Herlyn-Werner-Wünderlich syndrome (SHWW) is a rare anomaly of the Müllerian ducts, characterized by uterine duplication with obstructed hemivagina and ipsilateral renal agenesis^1,2. Congenital malformations of the Müllerian ducts have a prevalence of 2% to 3% in women, with a prevalence of 1/200 to 1/600 in fertile women. Didelphic uterus accounts for 11% of Müllerian duct anomalies and 30% of them are associated with renal tract anomalies³. SHWW is associated with mesonephric duct anomalies, with an incidence of approximately 1/2 000 to 1/28 000. The syndrome is recently known by the acronym OHVIRA (obstructed hemivagina and ipsilateral renal anomaly syndrome)^4). A new classification of the syndrome is proposed due to the clinical characteristics which, according to Lan Zhu (see Figure 1), differ according to the level of complete and incomplete obstruction of the vaginal septum, allowing a timely diagnosis and effective treatment^5,6.

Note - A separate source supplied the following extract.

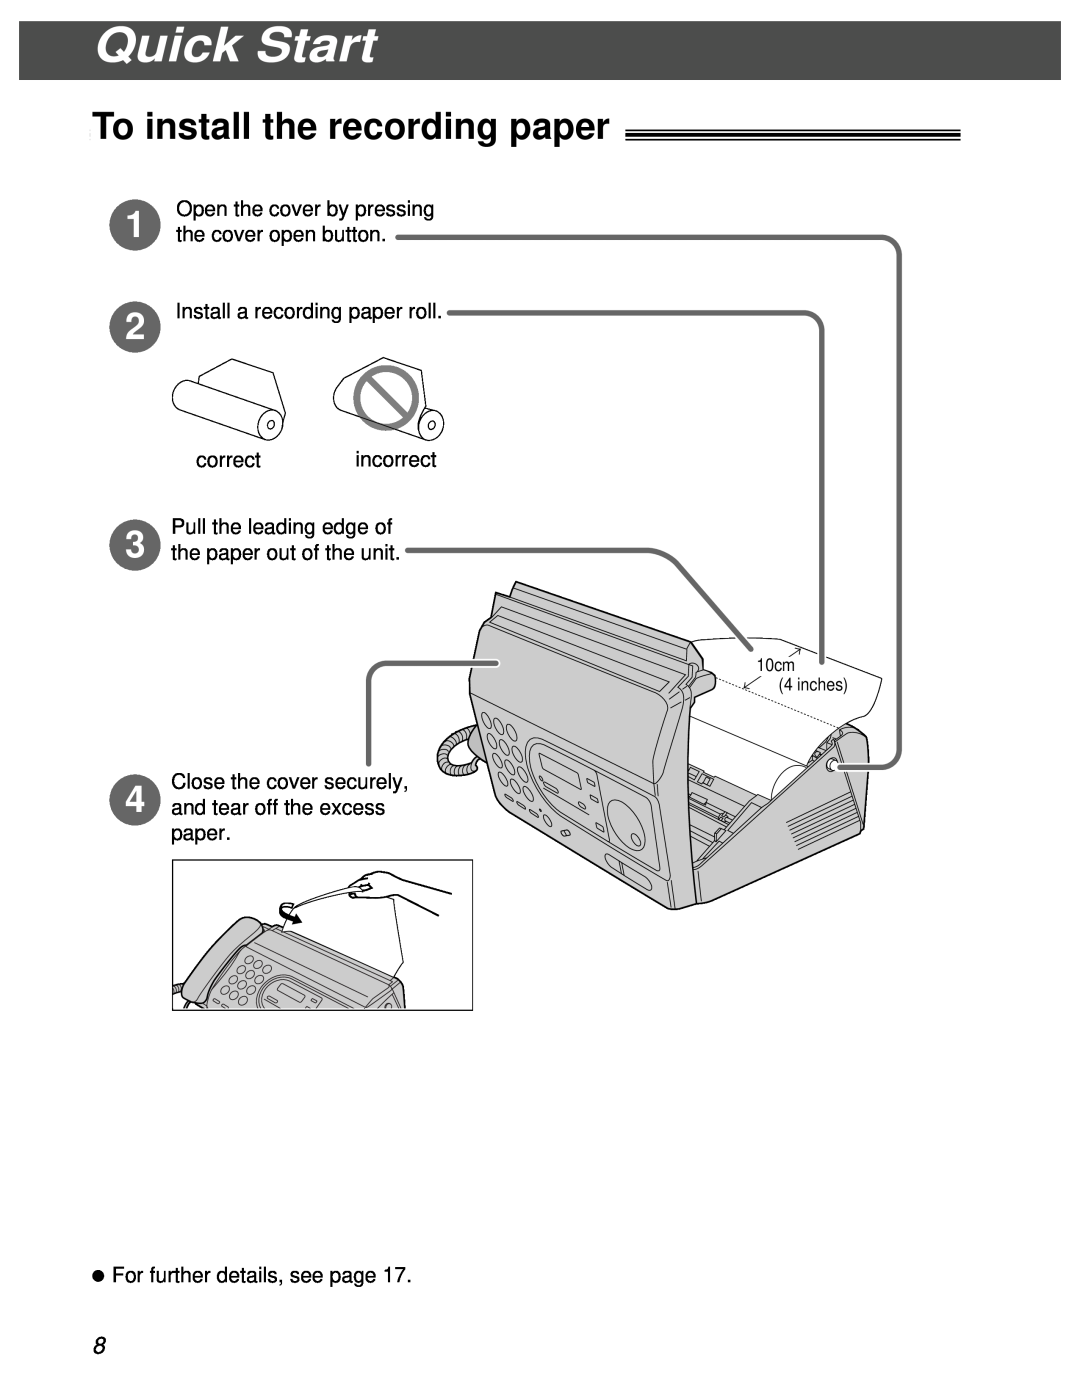 Panasonic KX-FT31BX To install the recording paper, Open the cover by pressing, the cover open button, incorrect

Figure 1 Herlyn-werner-wünderlich classification according to lan zhu et al. 2015(10).  

Lack of development or fusion of the distal segments of the Müllerian ducts causes this anomaly and its etiology is unknown. The incidence is variable. It usually presents after menarche with a diverse clinical picture, cyclic pelvic pain, dysmenorrhea, palpable mass due to hematometra or hematocolpos and sometimes pyocolpos or pelviperitonitis. Diagnosis should be made early to avoid complications such as endometriosis, pelvic adhesions or other pelvic complications.

A careful pelvic examination is necessary to identify the cervix and vagina^4-6. Ultrasonography is the first method to evaluate the gynecologic abnormality. However, magnetic resonance imaging (MRI) provides certainty of the findings, allowing timely and correct treatment. Prior to surgical intervention, it is recommended to classify SHWW according to Lan Zhu. Surgical treatment consists of drainage and resection of the vaginal septum^1,2,4. In this article we present two cases of Herlyn-Werner-Wünderlich syndrome. The clinical history, the results of imaging tests and the treatment performed are described.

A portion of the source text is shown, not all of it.